Now that I am once again in possession of the seminal collection of my pieces, I can really get to the meat of this blogging project. And I'm going to start with what I think is my favorite one, and the first entry into one of the sub genres of my attempts at drawing - doodles gone mad.

Every so often, I'll start a doodle that becomes self perpetuating. It'll start with some shape, usually. A circle, a square, an amorphous blob. Then I'll repeat it, maybe next to it maybe larger and enclosing the first one. And then I'll continue to repeat it, adding variations. It's no longer a circle, instead it's an oval, or a squished oval, or the old standby amorphous blob. Before I know it, I've imposed some loose set of "rules" on it. "It's gotta be an enclosed shape, not crossing any of the others on the page. There should be a minimum and a maximum space allowed between each one. One shape may enclose another." Etc.

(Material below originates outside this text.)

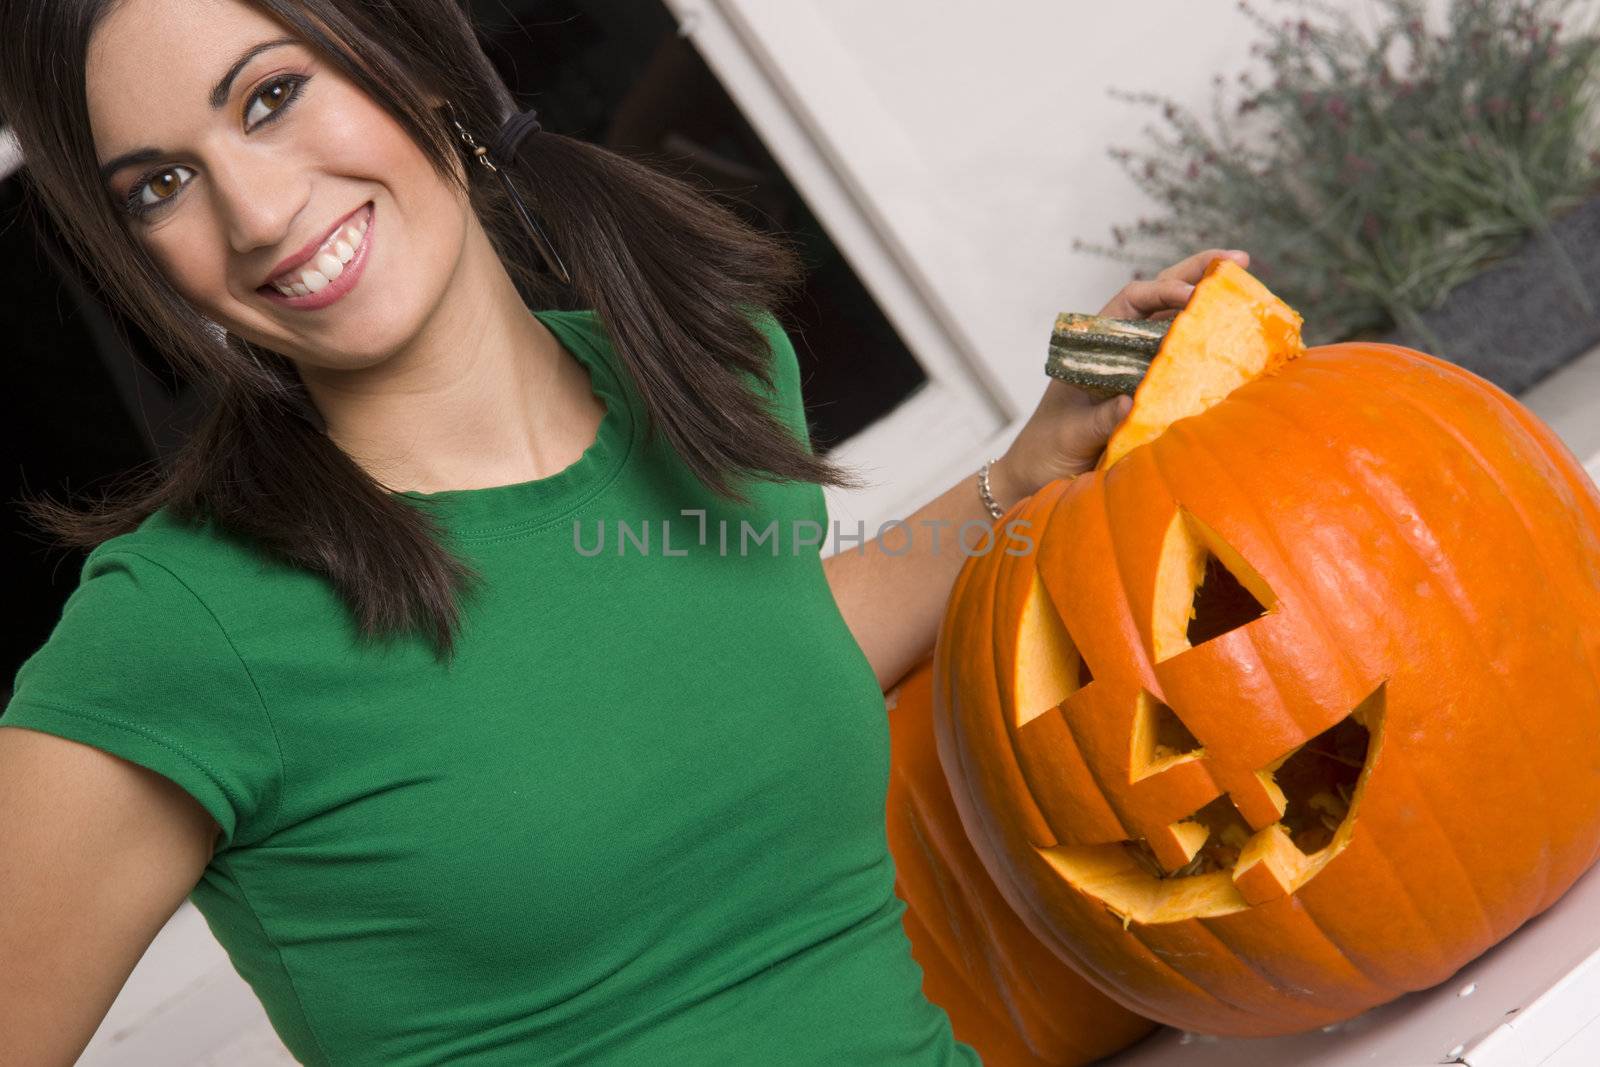 Joyful Woman at Halloween by ChrisBoswell

99% of the time, I end up with some stupid doodle that hangs around for a while and eventually gets tossed. But on occasion I'll step back from it and it strikes me as interesting enough to keep. This one was exemplary. Mind you, I was paying little to no attention to the overall shape of this thing. I was actually probably thinking I would eventually fill the whole page. But I got to this point and it just felt done. I really wish I could take more credit for it, but, as you may have gathered, I can't really draw. So the best I can hope for is the lucky happenstance of a doodle with an interesting structure ending up in an equally interesting overall form.

Sorry for the large full size image on this one, but I think it deserves the detail.

Friday, April 20, 2007

You'll hear from my lawyes, Jhonen Vasquez

Flash forward what I presume was several weeks. Armed with scores of fool-proof Mark Kistler techniques for instant 3-d effect at my disposal (foreshortening in action!), there was no stopping me. Every book cover I owned was scrawled with snaking stacks of lopsided 3-d tables, 3 dimensional shapes lit from all directions, oblique houses littered with extra doors and windows. I'm sure I went through reams of paper.

This is the most spectacular surviving artifact of that era. I can't remember for certain, but I'm presuming the house was my starting point since I doubt I've ever gone from drawing something curvy to drawing something so orthogonal on a large doodle. Always from straight lines to chaos.

Next step would definitely have been the roof appendages. A couple rings around the corners and we're off. This ones got everything! Concave, convex, rocket power!

I don't know. I think I like this one.